• About this exercise: Line by line, copy the records below exactly.

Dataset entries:
*** Begin section ***

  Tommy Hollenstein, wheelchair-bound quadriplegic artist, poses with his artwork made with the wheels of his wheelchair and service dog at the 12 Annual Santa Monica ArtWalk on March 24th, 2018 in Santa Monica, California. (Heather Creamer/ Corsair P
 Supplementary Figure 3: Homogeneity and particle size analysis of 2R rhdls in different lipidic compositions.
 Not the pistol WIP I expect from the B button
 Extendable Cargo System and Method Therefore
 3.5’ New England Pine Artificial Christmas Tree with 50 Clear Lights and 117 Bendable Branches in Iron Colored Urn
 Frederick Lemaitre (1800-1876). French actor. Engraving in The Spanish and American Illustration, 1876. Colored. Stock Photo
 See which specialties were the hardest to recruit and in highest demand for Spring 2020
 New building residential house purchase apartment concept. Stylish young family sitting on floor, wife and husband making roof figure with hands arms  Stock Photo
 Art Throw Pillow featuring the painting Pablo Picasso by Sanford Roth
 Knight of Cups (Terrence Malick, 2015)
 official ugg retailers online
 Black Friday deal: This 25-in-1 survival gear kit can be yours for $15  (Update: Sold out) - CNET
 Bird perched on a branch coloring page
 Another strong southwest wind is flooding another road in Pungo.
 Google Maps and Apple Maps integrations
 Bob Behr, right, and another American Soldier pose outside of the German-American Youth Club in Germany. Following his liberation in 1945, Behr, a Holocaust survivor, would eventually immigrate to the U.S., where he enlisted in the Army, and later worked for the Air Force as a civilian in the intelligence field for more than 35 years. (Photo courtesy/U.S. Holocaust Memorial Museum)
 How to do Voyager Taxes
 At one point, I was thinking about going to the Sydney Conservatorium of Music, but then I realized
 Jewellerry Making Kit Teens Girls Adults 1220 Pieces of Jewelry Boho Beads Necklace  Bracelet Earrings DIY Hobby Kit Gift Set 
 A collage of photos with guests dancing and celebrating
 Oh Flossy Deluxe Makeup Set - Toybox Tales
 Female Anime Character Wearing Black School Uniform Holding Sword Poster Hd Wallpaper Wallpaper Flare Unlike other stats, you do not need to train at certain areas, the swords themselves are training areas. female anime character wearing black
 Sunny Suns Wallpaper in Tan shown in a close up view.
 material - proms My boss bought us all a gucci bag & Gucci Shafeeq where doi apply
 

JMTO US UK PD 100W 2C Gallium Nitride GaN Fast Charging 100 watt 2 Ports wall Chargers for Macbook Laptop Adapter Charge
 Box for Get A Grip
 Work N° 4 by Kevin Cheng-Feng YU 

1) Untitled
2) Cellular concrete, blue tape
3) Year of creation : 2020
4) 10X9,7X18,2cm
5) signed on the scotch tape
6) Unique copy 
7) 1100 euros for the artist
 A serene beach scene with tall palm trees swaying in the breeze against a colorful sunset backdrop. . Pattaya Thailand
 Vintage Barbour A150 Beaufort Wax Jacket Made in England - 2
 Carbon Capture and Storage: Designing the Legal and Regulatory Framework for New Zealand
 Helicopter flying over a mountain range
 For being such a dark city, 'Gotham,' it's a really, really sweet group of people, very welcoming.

*** End section ***

• Exercise answer:
  Tommy Hollenstein, wheelchair-bound quadriplegic artist, poses with his artwork made with the wheels of his wheelchair and service dog at the 12 Annual Santa Monica ArtWalk on March 24th, 2018 in Santa Monica, California. (Heather Creamer/ Corsair P
 Supplementary Figure 3: Homogeneity and particle size analysis of 2R rhdls in different lipidic compositions.
 Not the pistol WIP I expect from the B button
 Extendable Cargo System and Method Therefore
 3.5’ New England Pine Artificial Christmas Tree with 50 Clear Lights and 117 Bendable Branches in Iron Colored Urn
 Frederick Lemaitre (1800-1876). French actor. Engraving in The Spanish and American Illustration, 1876. Colored. Stock Photo
 See which specialties were the hardest to recruit and in highest demand for Spring 2020
 New building residential house purchase apartment concept. Stylish young family sitting on floor, wife and husband making roof figure with hands arms  Stock Photo
 Art Throw Pillow featuring the painting Pablo Picasso by Sanford Roth
 Knight of Cups (Terrence Malick, 2015)
 official ugg retailers online
 Black Friday deal: This 25-in-1 survival gear kit can be yours for $15  (Update: Sold out) - CNET
 Bird perched on a branch coloring page
 Another strong southwest wind is flooding another road in Pungo.
 Google Maps and Apple Maps integrations
 Bob Behr, right, and another American Soldier pose outside of the German-American Youth Club in Germany. Following his liberation in 1945, Behr, a Holocaust survivor, would eventually immigrate to the U.S., where he enlisted in the Army, and later worked for the Air Force as a civilian in the intelligence field for more than 35 years. (Photo courtesy/U.S. Holocaust Memorial Museum)
 How to do Voyager Taxes
 At one point, I was thinking about going to the Sydney Conservatorium of Music, but then I realized
 Jewellerry Making Kit Teens Girls Adults 1220 Pieces of Jewelry Boho Beads Necklace  Bracelet Earrings DIY Hobby Kit Gift Set 
 A collage of photos with guests dancing and celebrating
 Oh Flossy Deluxe Makeup Set - Toybox Tales
 Female Anime Character Wearing Black School Uniform Holding Sword Poster Hd Wallpaper Wallpaper Flare Unlike other stats, you do not need to train at certain areas, the swords themselves are training areas. female anime character wearing black
 Sunny Suns Wallpaper in Tan shown in a close up view.
 material - proms My boss bought us all a gucci bag & Gucci Shafeeq where doi apply
 

JMTO US UK PD 100W 2C Gallium Nitride GaN Fast Charging 100 watt 2 Ports wall Chargers for Macbook Laptop Adapter Charge
 Box for Get A Grip
 Work N° 4 by Kevin Cheng-Feng YU 

1) Untitled
2) Cellular concrete, blue tape
3) Year of creation : 2020
4) 10X9,7X18,2cm
5) signed on the scotch tape
6) Unique copy 
7) 1100 euros for the artist
 A serene beach scene with tall palm trees swaying in the breeze against a colorful sunset backdrop. . Pattaya Thailand
 Vintage Barbour A150 Beaufort Wax Jacket Made in England - 2
 Carbon Capture and Storage: Designing the Legal and Regulatory Framework for New Zealand
 Helicopter flying over a mountain range
 For being such a dark city, 'Gotham,' it's a really, really sweet group of people, very welcoming.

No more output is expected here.